County staff presented a draft "authorized agenda" of state and federal priorities — a board‑approved framework that would authorize government affairs staff to act on common policy positions during the upcoming legislative and congressional session windows.

Deputy County Manager Eric Peterson told the board that the county was preparing an "authorized agenda" — a framework of state and federal policy positions authorizing government affairs staff to send letters and take advocacy steps on the county’s stated priorities during the legislative session and between board meetings.

"An authorized agenda provides government affairs the authority to advocate on behalf of the county on these positions," Peterson said, adding that staff would still seek board guidance on controversial items and return the finalized document for formal adoption on Nov. 18.

Content and scope: The draft agenda groups items under broad principles (oppose unfunded mandates and cost shifts; protect local control) and programmatic priorities such as wildfire response funding (including continued support for Arizona Department of Forestry mitigation funds), transportation and broadband investments, public‑health program stability, education funding and the county’s ongoing priorities for forest restoration and federal land programs.

Board feedback: Supervisors asked staff to strengthen education language to emphasize full support for funding public schools and concerns about programs that divert state funds, and they requested additional departmental outreach so affected county departments could review and propose edits before the board’s formal adoption.
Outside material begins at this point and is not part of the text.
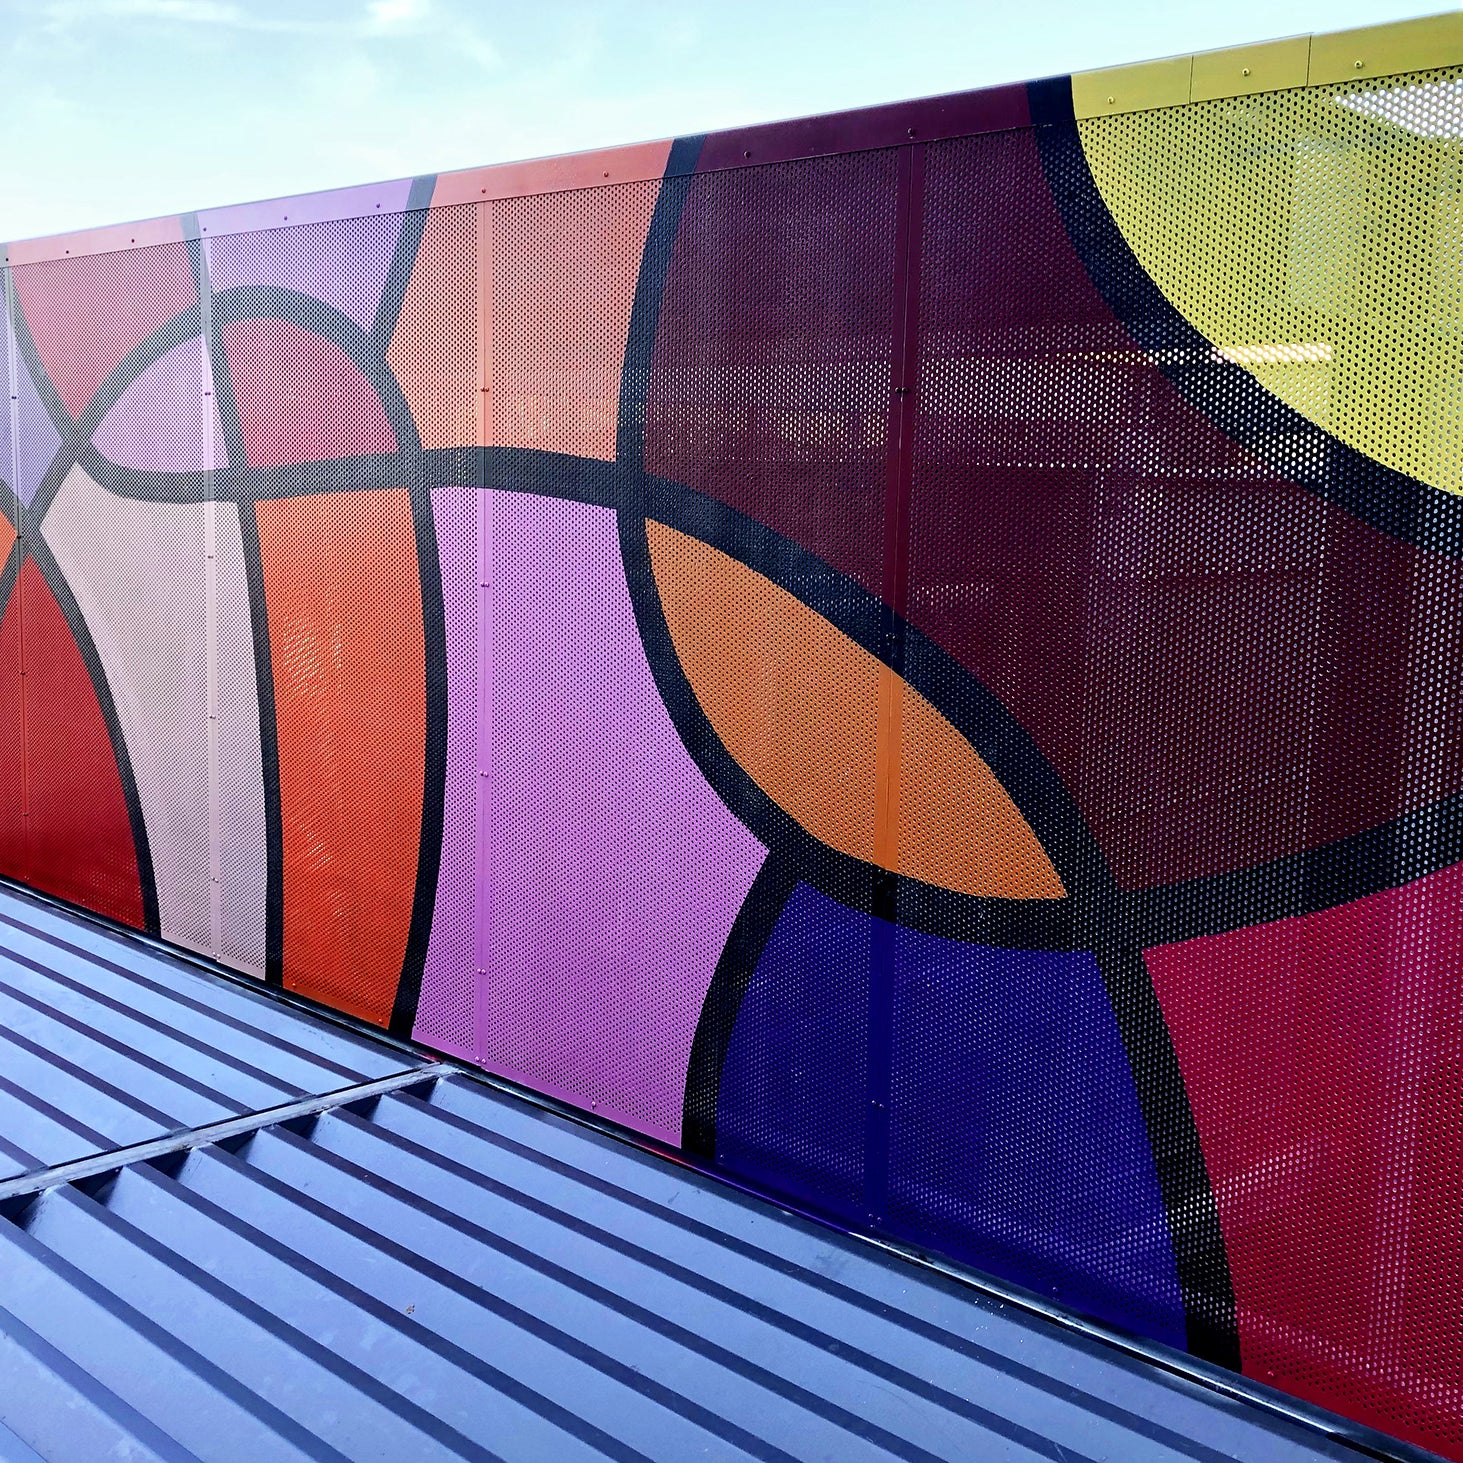 Artistic rooftop installation of an abstract mural with intertwined shapes in dynamic colors, adding a playful touch to the urban skyline.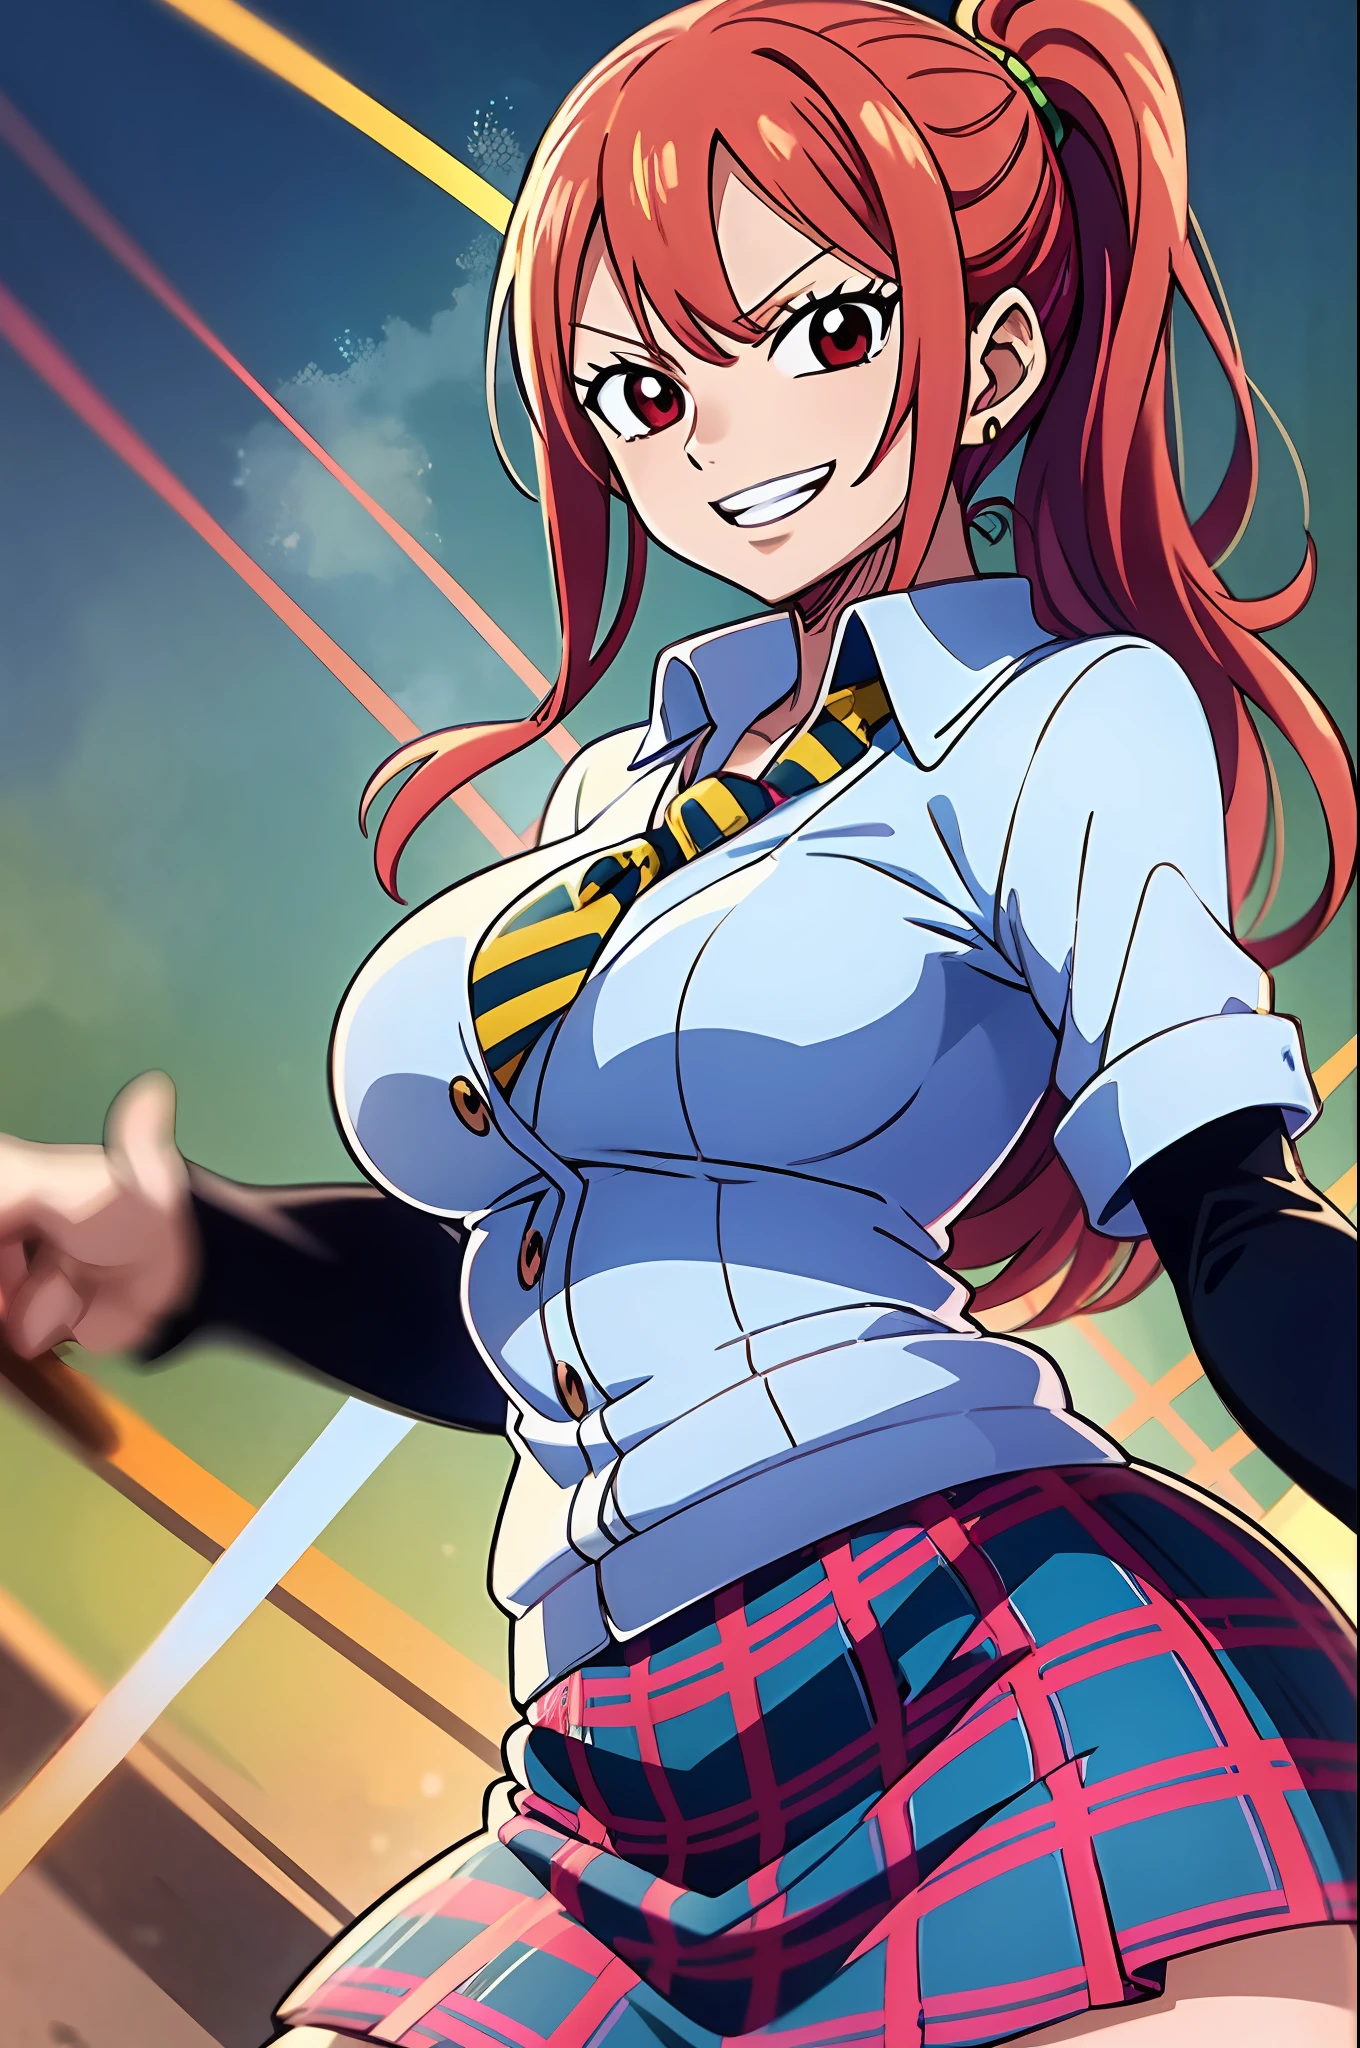 light smile,  attire, white blouse with yellow jacket, green striped tie, red plaid skirt, red eyes and red hair in a twin ponytail, (style of one piece and fairy tail anime), (illustrated by Eiichiro Oda and Hiro Mashima), (style mixing), Lucy Heartfilia, Nami

Staff said departments and outside partners had already provided input and that the document will be recirculated and returned with a resolution on Nov. 18.

Why it matters: The authorized agenda creates an operational pathway for the county to pursue time‑sensitive advocacy (letters, briefings and meetings) during legislative or congressional windows that fall between scheduled board meetings. It is not a fixed lobbying package — staff said they will select targeted priorities to present to federal delegations and state officials based on timing and political feasibility.

Next steps: Staff will recirculate the draft, take departmental feedback and return on Nov. 18 with a resolution to adopt the authorized agenda and the parameters for how government affairs will select issues and communicate with the board on significant actions.